More than 125 participants enjoyed Irrigon Elementary’s STEAM Open House Extravaganza on Thursday, January 18. Students and their families joined in the fun of Science, Technology, Engineering, Art and Mathematics with a variety of activities in classrooms, the cafeteria and the gymnasium.

In the library, students downloaded instructions from laptop computers into small robots, and then lined them up to race. Students quickly learned it was important to give the robots the correct coding if you wanted to win. As soon as one race was over, the students scrambled back to the laptops to try it again, big smiles on their faces and brains churning with ideas for next time. Also in the library, parents and their children dived into LEGO building, with tall towers and complicated patterns emerging.

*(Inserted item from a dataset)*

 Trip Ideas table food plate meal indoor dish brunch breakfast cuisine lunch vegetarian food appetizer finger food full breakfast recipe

The Irrigon Jr/Sr High Drone Club had a demonstration in the cafeteria, with club members using First Person View (FPV) goggles to drive their drones around a course. Others could watch the drones on large screens. Junior Gracie Stirk, a member of the new club, said she got involved because she finds drones interesting and she thinks it is a recent thing that the public can really explore.

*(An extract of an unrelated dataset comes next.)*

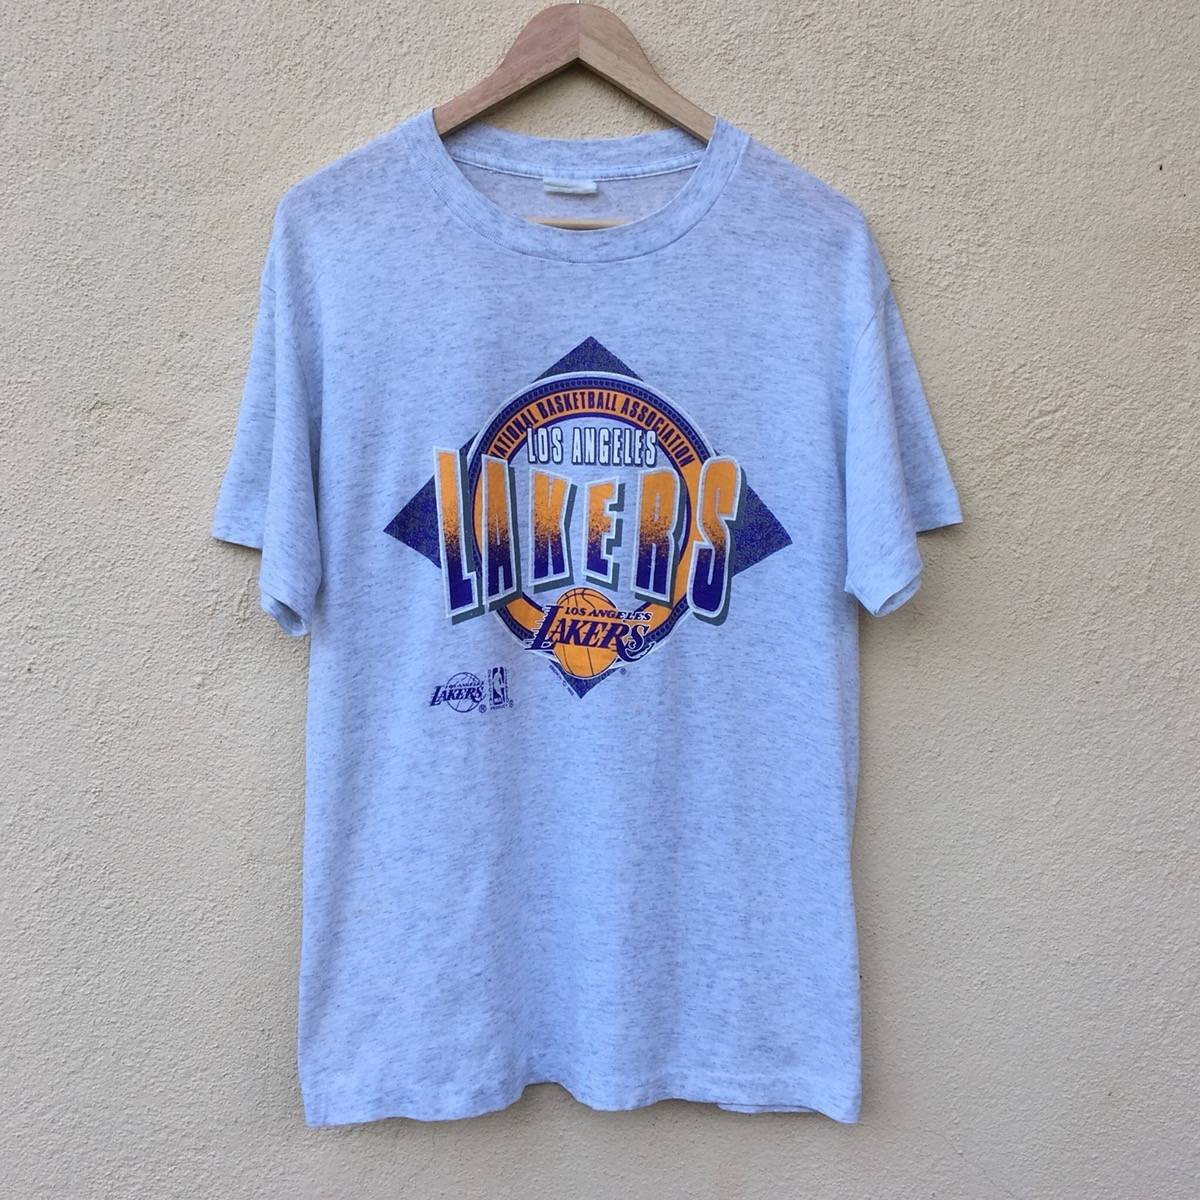 67ca53eea Vintage × Nba × L.A. Lakers ×. Vintage 90 s LA Lakers T-Shirt

In one classroom, students assembled their own science kits, with materials and instructions to conduct 12 experiments at home. Another classroom featured “Hour of Code,” a global movement introducing tens of millions of students worldwide to computer science. Lisa Mueller, a design manager at Microsoft in Seattle, was volunteering. Her three nieces attend Irrigon schools and she was excited to be able to share the excitement with students. “Coding is just a set of instructions, anybody can do it. This shows kids it’s a career path that can take them anywhere they want to go,” Mueller said. She encouraged anyone to visit HourofCode.com to get involved.

STEAM participants learned about “Oobleck” in Classroom A1, to the delight of many. Oobleck is a material that is polymers and non-Newtonian fluid -- in other words, it’s not a liquid or a solid and consists of cornstarch and water. Students loved making it, touching it and playing with it to a chorus of “that’s cool,” “is it slime?” and “wow, this is amazing!” This station was sponsored by the Port of Morrow.

The “A” in STEAM was evident in Classroom A4, where parents and children were painting rocks. Vibrant colors and all kinds of themes were emerging. The rock art was organized by “Irrigon Rocks”, a community group that helps to inspire creativity and energize people to explore the beautiful area around Irrigon. The organization, which has a Facebook group, encourages the painted rocks to be hidden for others to find. In another classroom, Movement Art also engaged many students in active dancing.

Students practiced their math skills in a delicious way in the cafeteria kitchen. They measured ingredients to make smoothies under the direction of staff from the Oregon State University Extension Service. Bank of Eastern Oregon had a station for practicing decimals and learning the proper way to write a check.

The STEAM Open House's grand finale was a “Science of Electricity” assembly by OMSI (Oregon Museum of Science and Industry) as part of their outreach program. The assembly used numerous student volunteers from the audience to teach about electrons, static electricity and currents with a variety of hands-on demonstrations.

Erin Stocker, principal of Irrigon Elementary, said the STEAM event was a great way to celebrate science and art for students and their families. “We want our kids excited about all of these concepts and able to share that fun with their parents. Finding ways to show participants how technology touches so many aspects of our lives and what career paths it can lead to is really positive,” Stocker said. Irrigon Elementary thanks all of the community partners and volunteers who helped make the event possible.